O conflito em curso entre os EUA e o Irã torna “The Grand Chessboard: American Primacy and its Geostrategic Imperatives” leitura essencial para qualquer pessoa disposta a compreender o desenho estratégico por trás das manchetes em constante mudança. Exclusiva da New Dawn nº 216 , esta investigação traça a origem da luta até Mackinder e Brzezinski, revelando por que a posição do Irã no centro do comércio euroasiático, da energia e das alianças multipolares emergentes importa muito além das explicações oficiais.

Fonte: New Dawn Magazine

Para uma prévia instigante, leia “Do Outro Lado do Tabuleiro de Xadrez” (texto completo abaixo), onde o filósofo russo Alexander Dugin argumenta que o ataque ao Irã marca a luta final e perigosa de uma ordem unipolar em declínio. Os leitores que já possuem o número 216 perceberam a narrativa do establishment e compreendem a agenda maior. Os últimos acontecimentos não lhes são nenhuma surpresa.

Em 2005, Alexander Dugin estava sentado em frente a Zbigniew Brzezinski em Washington, jogando xadrez. O filósofo russo perguntou ao estrategista americano se o xadrez era um jogo para dois jogadores. A resposta de Brzezinski foi imediata: “Não, é um jogo para um só”.

O autor de O Grande Tabuleiro de Xadrez  via apenas um jogador à mesa da geopolítica mundial. Duas décadas depois, enquanto bombas americanas caem sobre o Irã, o homem do outro lado do tabuleiro tem uma leitura diferente do jogo.

Dugin, o teórico mais proeminente do neo-eurasianismo russo, foi alvo de sanções da União Europeia e dos Estados Unidos. Sua filha, Darya, foi morta por uma bomba ucraniana em seu carro em Moscou, em 2022, um ato amplamente atribuído à inteligência ucraniana. Nada disso o deteve. 

No programa ” Escalada” da Sputnik russa, em 6 de abril de 2026 , o Prof. Dugin apresentou aquela que equivale à sua análise mais abrangente sobre a guerra contra o Irã e seu lugar no conflito global entre unipolaridade e multipolaridade.

Na análise de Dugin, a ordem global liderada pelos [judeus khazares usando os] Estados Unidos, estabelecida após a Guerra Fria, está chegando ao fim. O ataque de Israel ao Irã, arrastando os EUA, as ameaças repletas de palavrões de Trump, os prazos variáveis, o bombardeio de sítios culturais, tudo isso se configura como o desespero de um sistema que sente o chão cedendo sob seus pés.

Seu conceito central é a “agonia do mundo unipolar”. Ele usa o termo em seu sentido clássico, a luta final antes da morte. Trump, na análise de Dugin, foi escolhido pela elite dominante ocidental como instrumento dessa agonia. Não há mais tempo para ilusões liberais, para retórica humanitária, para falar de direitos humanos. 

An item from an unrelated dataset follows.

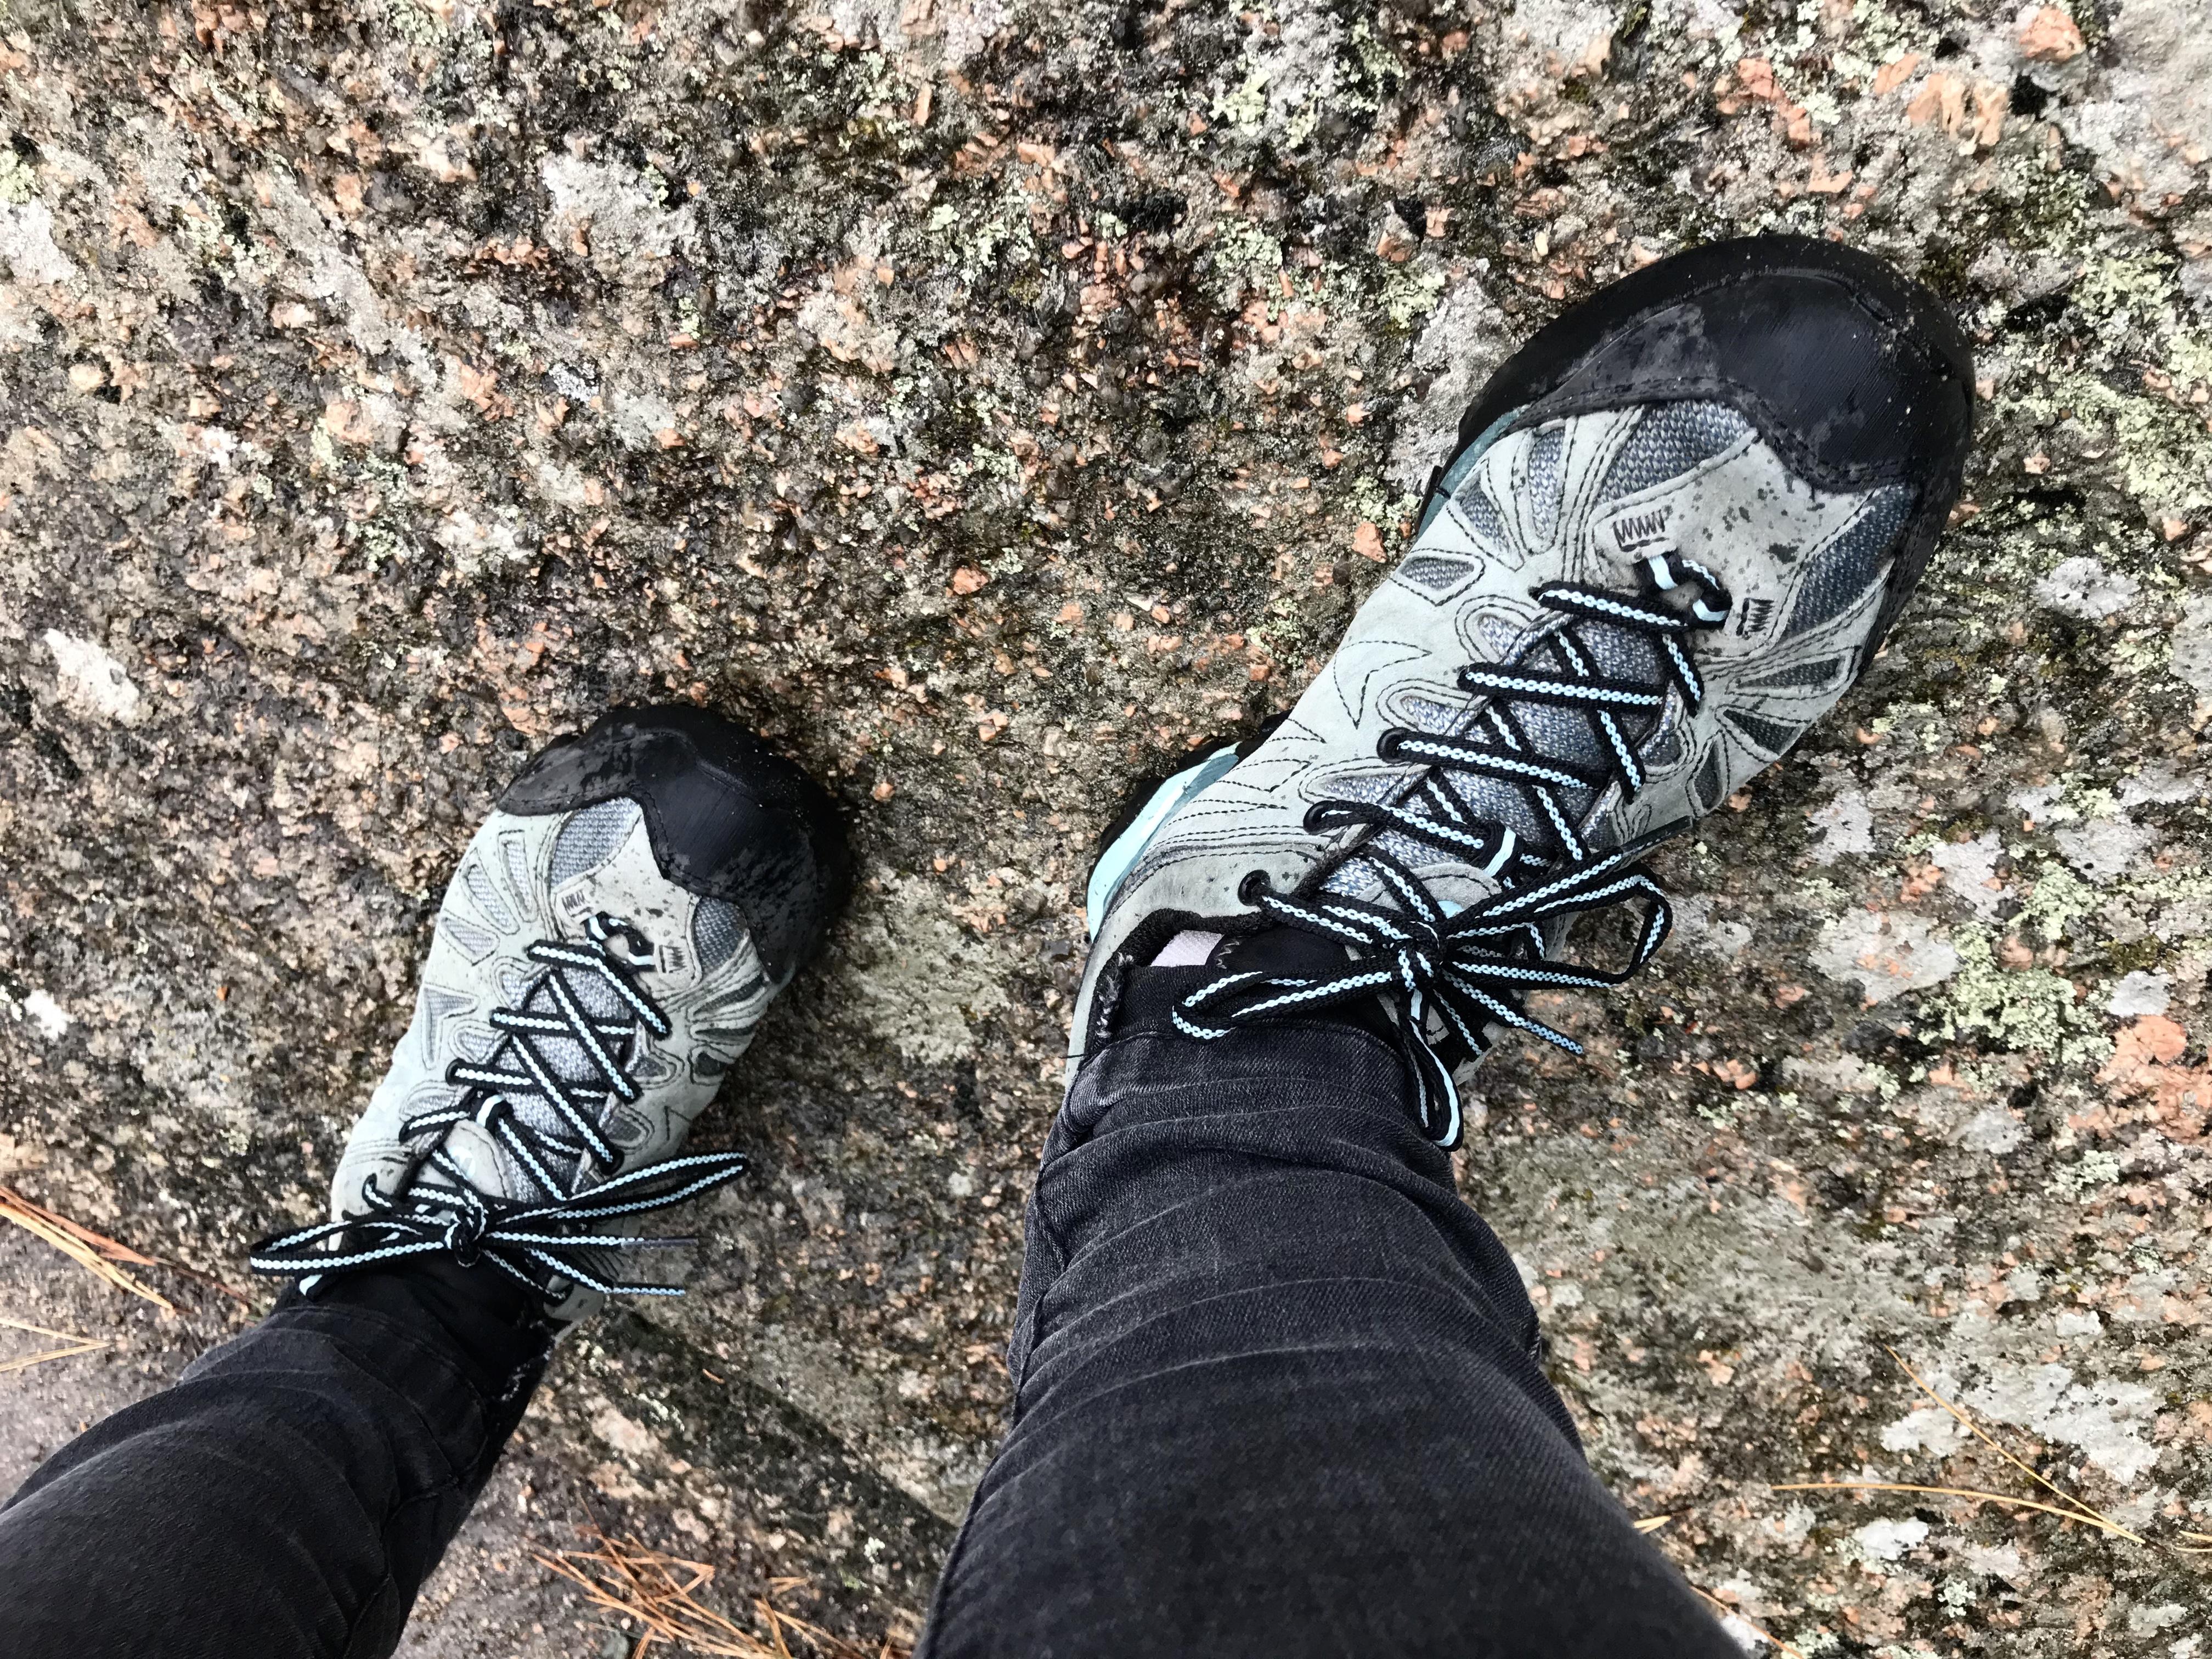 website for discount how to buy check out I TEST I Chaussures de randonnée MERRELL Capra basses

O teórico geopolítico russo Alexander Dugin, segurando um exemplar de seu livro A Quarta Teoria Política, com Zbigniew Brzezinski (à esquerda), em Washington, D.C., em 2005.

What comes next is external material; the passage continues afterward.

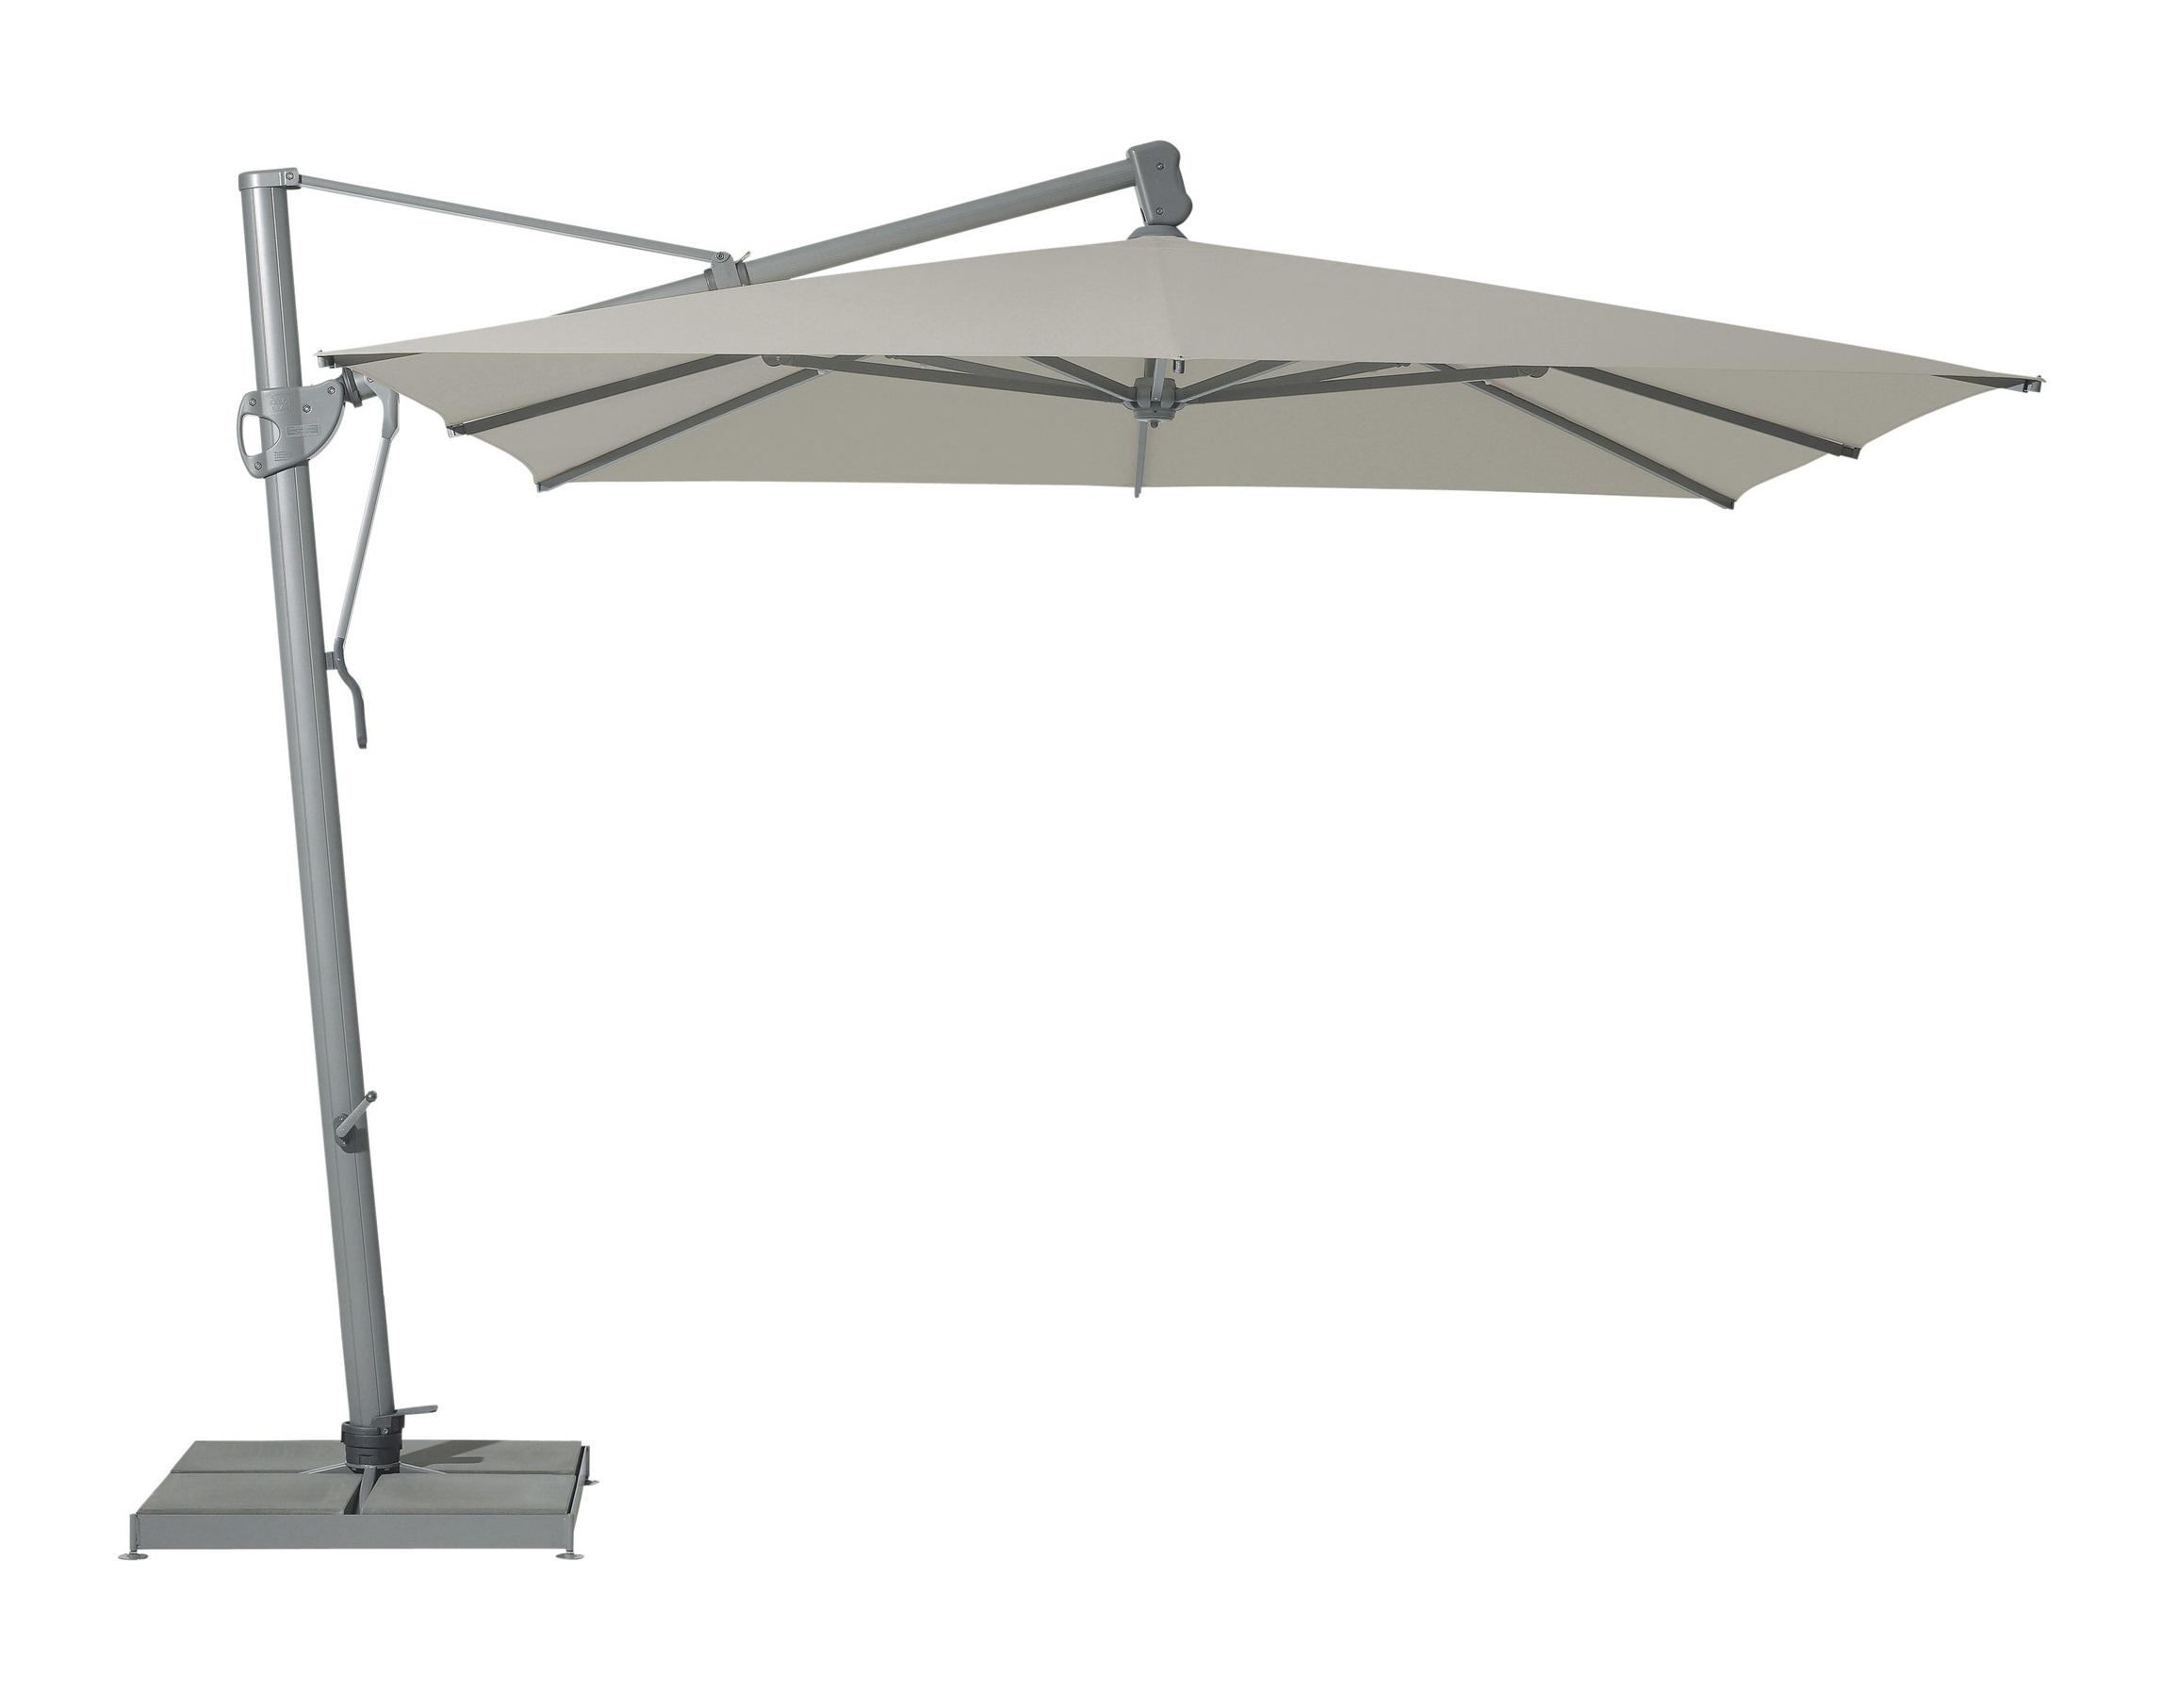 Уличный зонт sombrano easy (glatz) серый 300x300x300 см.

Dugin vê Trump como o agente involuntário desse colapso. Enquanto presidentes americanos anteriores revestiam a política imperial com a linguagem dos “direitos humanos e do direito internacional“, Trump desmascarou essa linguagem. A [falsa] máscara liberal caiu. O que resta é a força bruta, declarada e usada abertamente. Dugin identifica uma estratégia de quatro etapas por trás do que parece ser o caos.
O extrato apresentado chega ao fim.